= Academic honor code =

Ethical principles governing U.S. academia

An academic honor code or honor system in the United States is a set of rules or ethical principles governing an academic community based on ideals that define what constitutes honorable behaviour within that community. The use of an honor code depends on the notion that people (at least within the community) can be trusted to act honorably. Those who are in violation of the honor code can be subject to various sanctions, including expulsion from the institution. or in other words, honor code is like a pledge taken by students to the effect that they will uphold academic integrity and ethical behavior and will not engage in any kind of cheating, stealing, and misrepresentation. One of the first such codes was created at the College of William & Mary in the early 18th Century.

==US military service academies==

Presently, some of the most notable and most stringent honor codes exist at the Federal Service Academies and Senior Military Colleges.

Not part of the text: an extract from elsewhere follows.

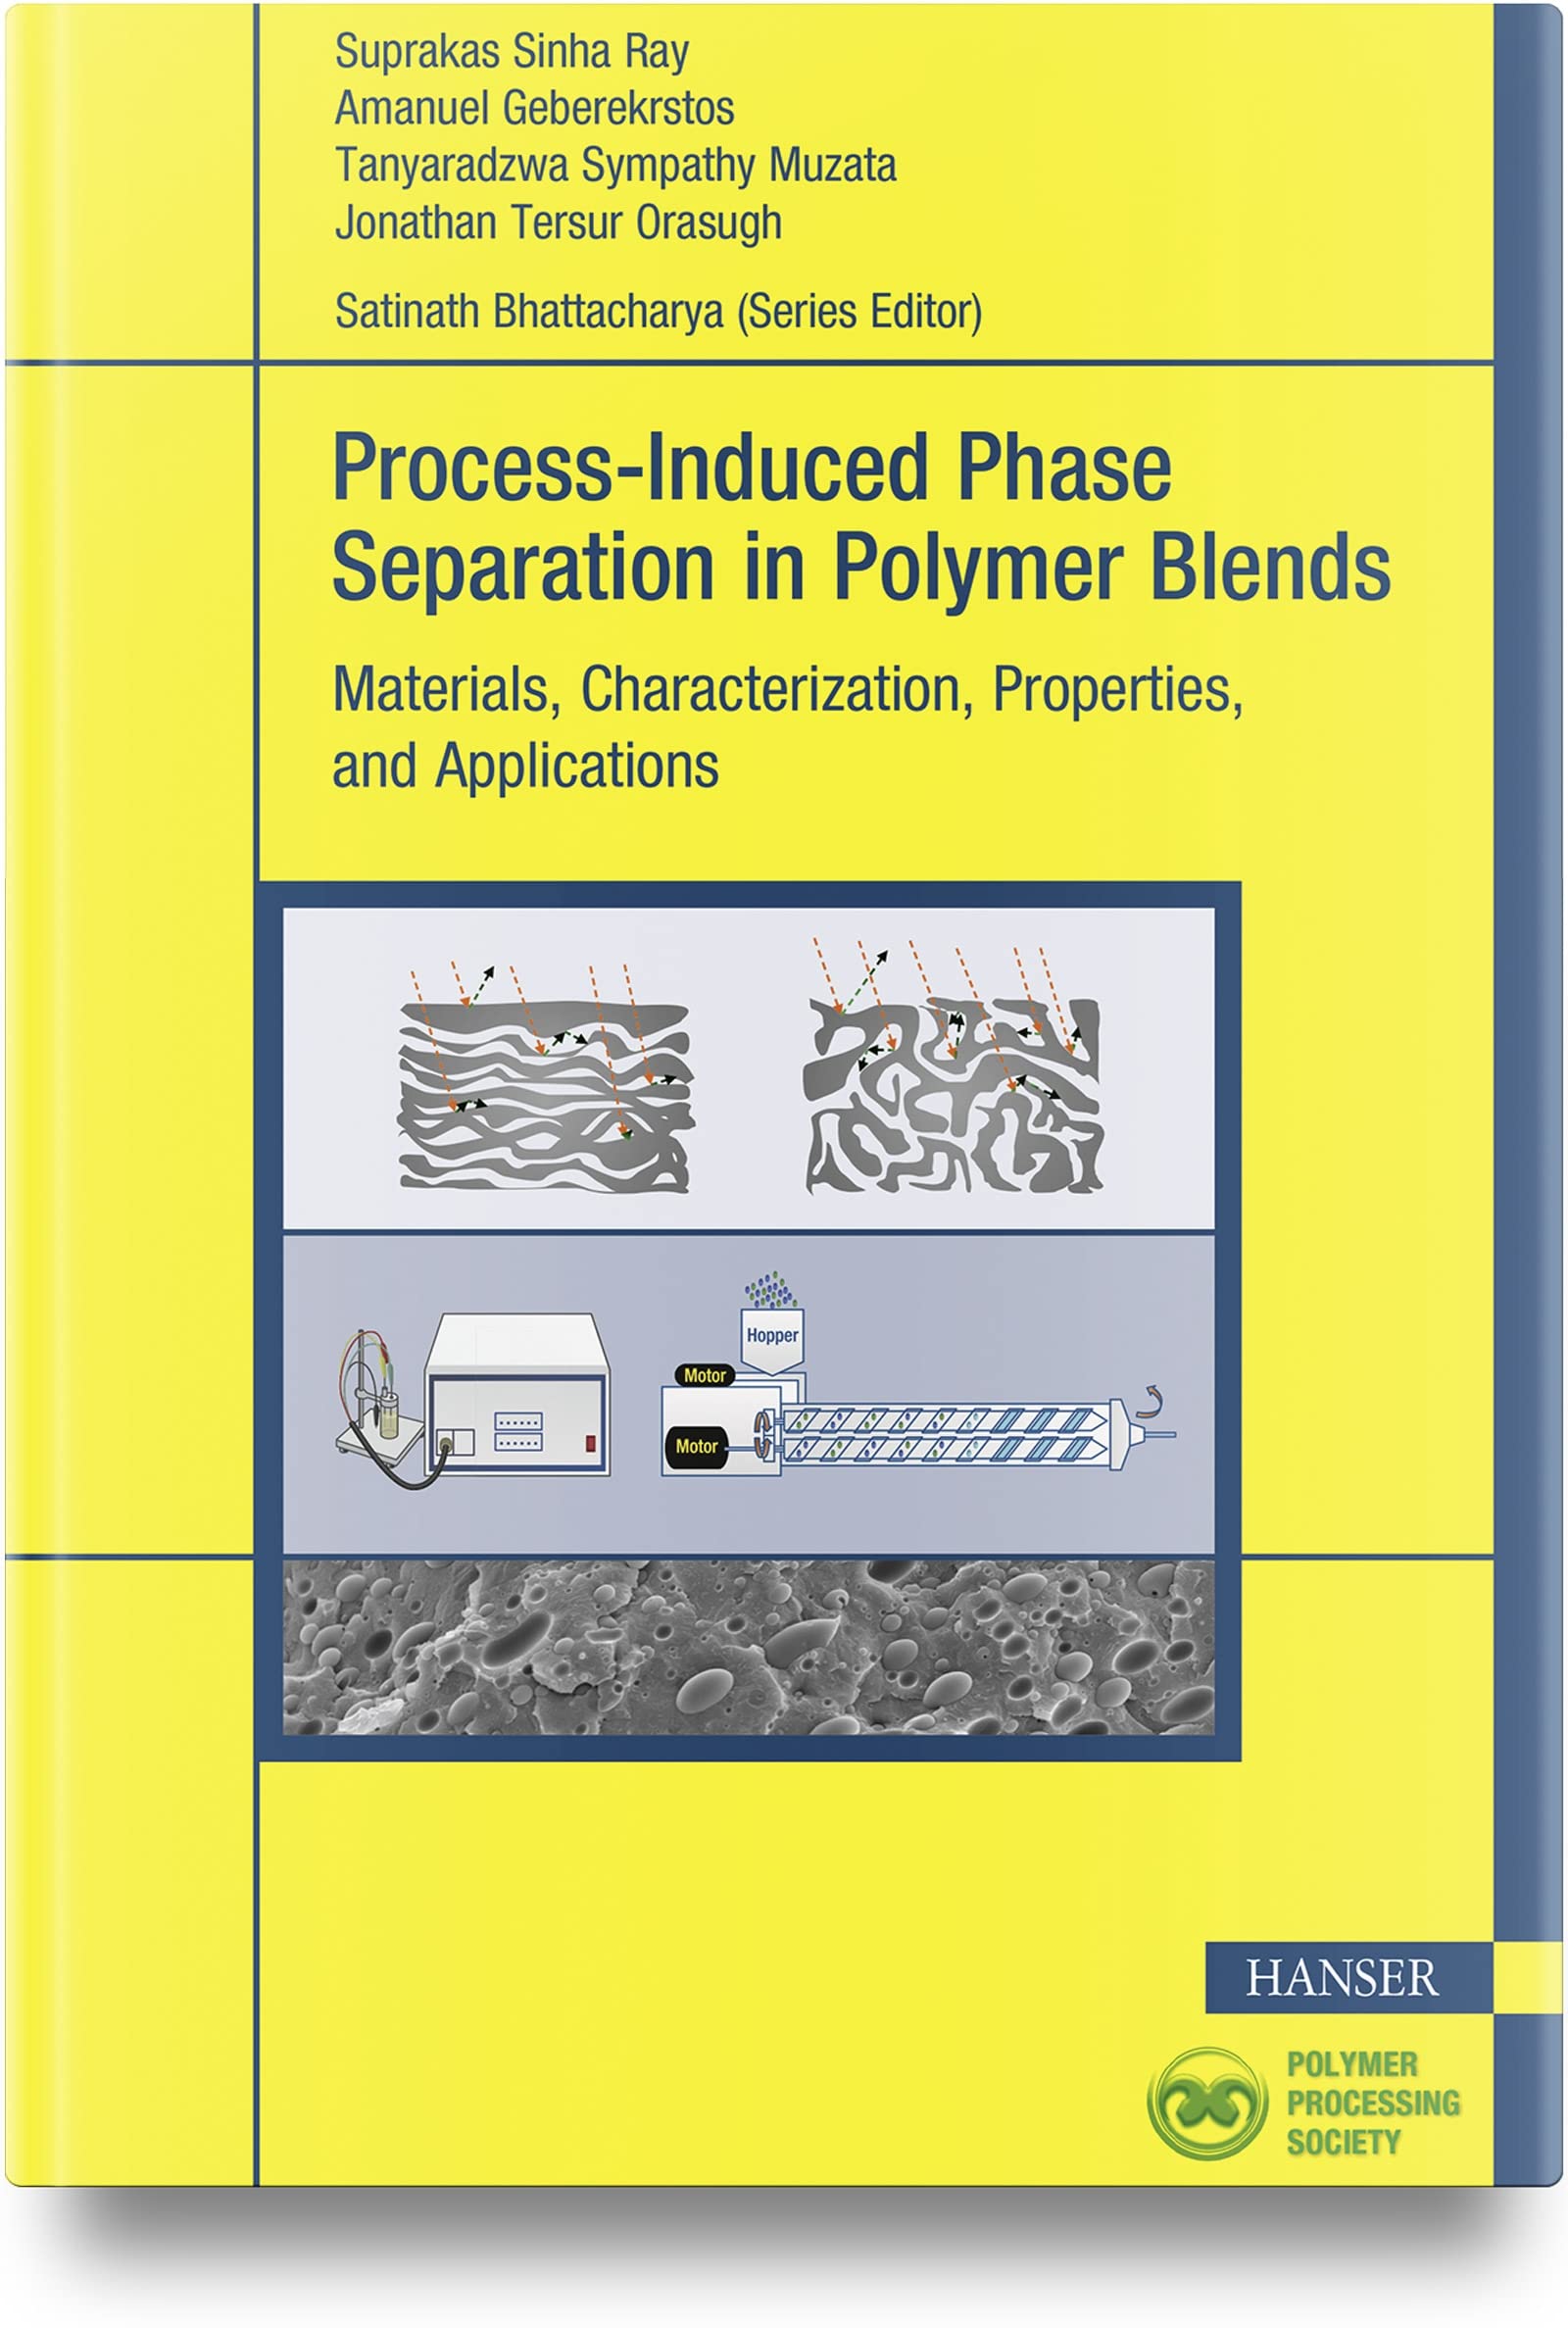 (DK   PDF)Process-Induced Phase Separation in Polymer Blends Materials, Characterization, Properties, and  by Suprakas Sinha Ray , Amanuel Geberekrstos

The military academy honor codes not only govern the cadets and midshipmen's lives at the academies but also are deemed essential to the development of military officers who are worthy of the public trust. As such, the codes are not limited merely to academic situations or to conduct on campus; cadets and midshipmen are expected to live by the codes' ethical standards at all times. The codes are as old as the academies themselves and simply state that cadets and midshipmen do not lie, cheat or steal, nor tolerate those who do. A single-sanction Honor Code, in which any offense results in expulsion regardless of severity, exists at Virginia Military Institute, which features a "drum out" ceremony which is still carried out upon a cadet's dismissal. Outside of the military, Washington and Lee University has a single sanction code.

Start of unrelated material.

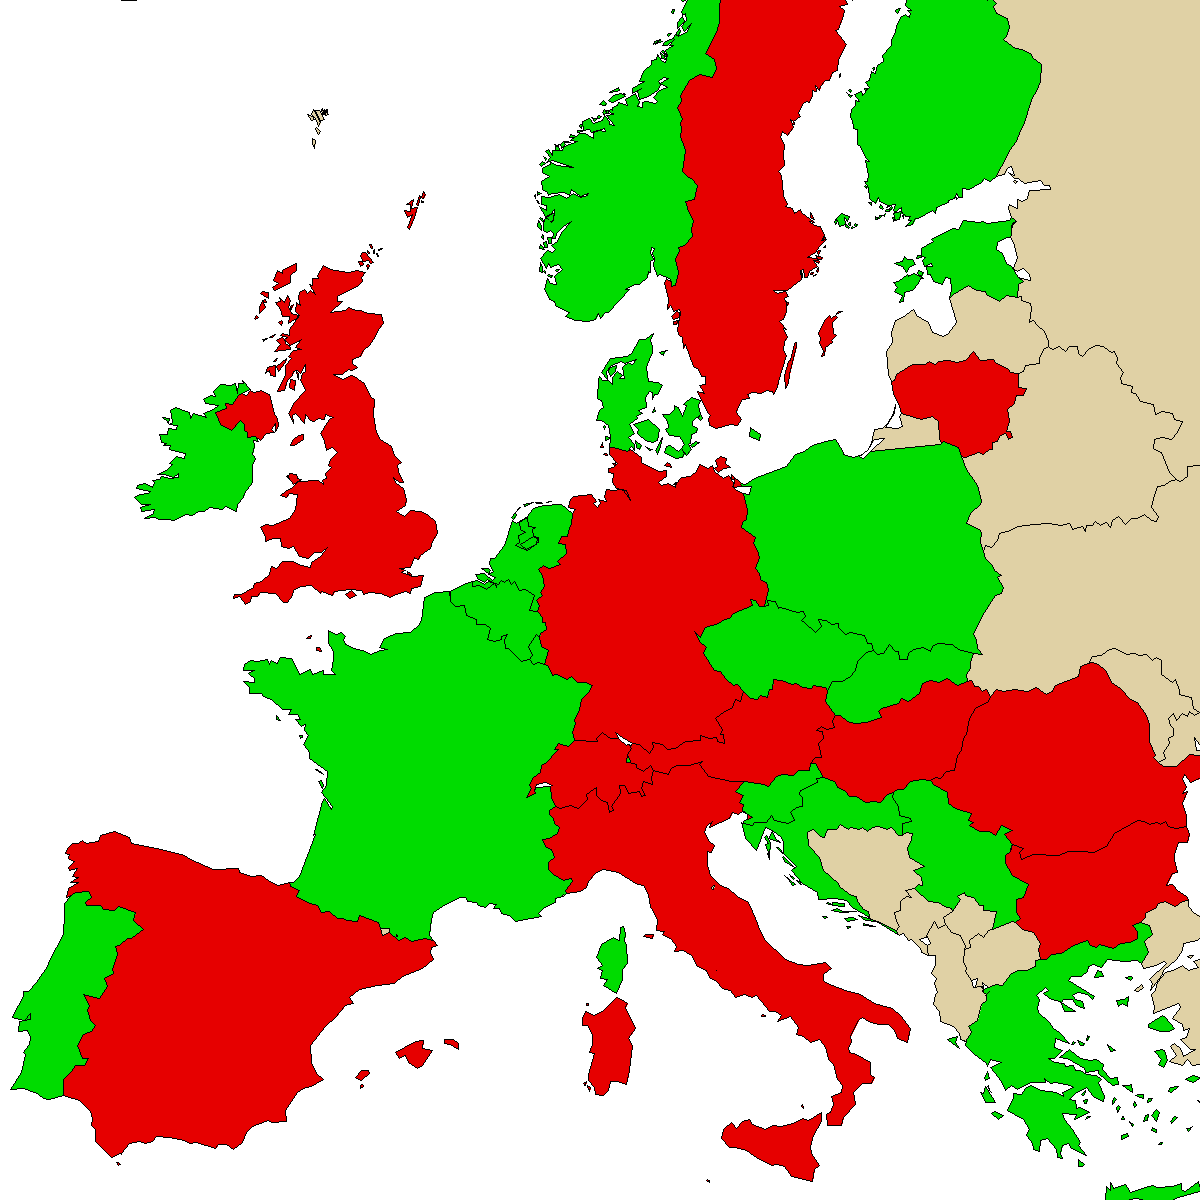 legal info map for our product 2FDCK, green are countries with no ban, red with ban, grey is unknown

At three of the service academies and at Virginia Military Institute, anyone who learns of an honor code violation is required to report it. Failure to do so is considered "toleration," which itself violates the code. That also holds true at schools with combined cadet and traditional student programs, such as Norwich University, Texas A&M, and The Citadel, whose honor codes specifically provide that all students, both cadets and civilians, do not "tolerate those who do." It is notable that the three Senior Military Colleges have two honor codes, one for cadets and one for civilians, whether on-campus or through distance online programs, etc. The Honor Concept of the Brigade of Midshipmen at the United States Naval Academy allows the observer of an honor violation to confront the accused without formally reporting. It was found that it was more constructive at developing the honor of midshipmen. A non-toleration clause, on the other hand, is believed to make enemies of classmates. Additionally, it is thought that one's true honor, if other than utmost, was not able to be formally remediated when hidden from public view. Under the academies' honor codes, violators can face severe punishment, up to being forwarded for expulsion by the Secretary of the Army, Navy, or Air Force.

Stringent honor codes, however, are not limited to military institutions. The all-male Hampden–Sydney College is reputed for an honor code system on a par with military systems, which extends to all student activities both on and off campus (off-campus violations can be prosecuted), and also like the military system, it considers tolerance of a violation itself a violation. Like the Naval Academy, however, those who witness a violation are encouraged to confront the violator and convince them to turn themselves in before resorting to reporting the violation. Another school with a very strict honor code is Brigham Young University. The university not only mandates honest behavior but also incorporates various aspects of Mormon religious law: drinking, smoking, drug use, premarital sex and same-sex relationships are all banned. Also, the code includes standards for dress and grooming. Men must be clean-shaven, and men and women cannot wear short shorts or other revealing clothing.